I’m trying to add navigation to my project. I’ve seen a couple of tutorials on YouTube about doing so. Both followed the same hierarchy:

– Navigation
– – NavigationMeshInstance
– – – A couple of MeshInstances

In the tutorials, whenever they pressed bake, the navmesh appeared as expected. On the ground, with cut outs where the ground is not walkable due to box meshes.

I’ve tried the same, but my navmesh appears to be hovering above the ground.

The navmesh appears to be going through some mesh instances.

The navmesh appears to be hovering above the ground.

I’ve tried the same in a brand new project, but had the same results. I’ve also tried to play with the settings of the navmesh, but it didn’t seem to help much. The only thing I noticed was that the navmesh got a bit closer to the ground when changing the Cell Height, but even then it was still hovering above the ground.

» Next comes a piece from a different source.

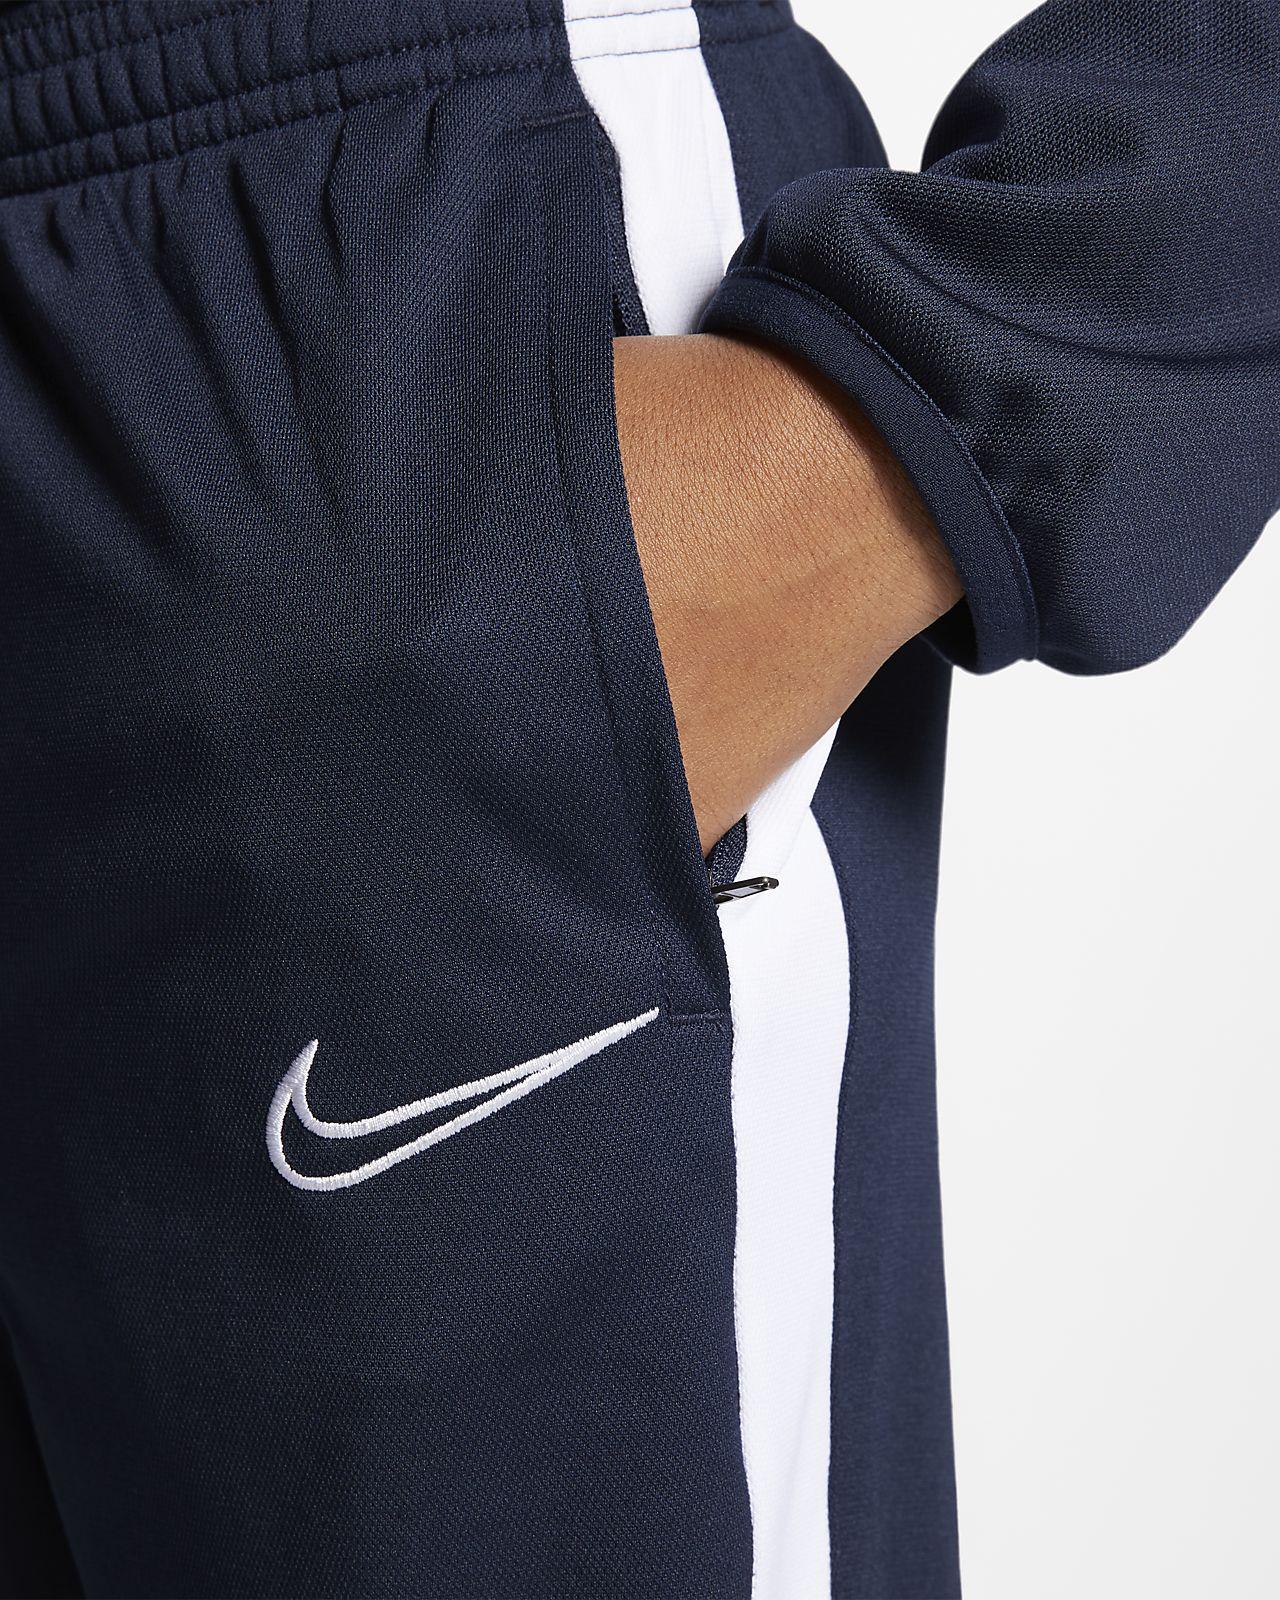 Nike Dri FIT Academy Fußball Trainingsanzug für ältere Kinder

I’m sure I’m doing something wrong, and look forward to hear what that is :stuck_out_tongue:

:bust_in_silhouette: Reply From: smix8

This is expected. A bakednavigation mesh is an approximation of the source geomtry for both performance and technical reasons.

The baked navigation mesh will always hover roughly around cell size height but especially on uneven ground like ramps this margin will not be kept and it might clip through plenty of uneven surfaces. You never should assume that your navigation mesh keeps an equal distance to your ground geometry. Use e.g. physics collisions to place your agents on ground. The NavigationAgent also has an offset property that deducts a certain height from all path points so if you use a very large cell height you can reduce the “hover distance” for the path points futurer justn to low or you agent might clip into ground.

Also you can not reliably use “boxes” to cut out navigation mesh baking areas. The baking process has no concept of what is “inside” and as soon as there is enough space to fit an agent in you will create navigation mesh surface inside those boxes. You should in general limit your bake source geometry to the actual traversable surfaces. If this is too complicated to setup in the SceneTree due to parent / child constrains with your source geometry you can use the NavigationMesh bake group names to limit the baking to specific nodes of a group.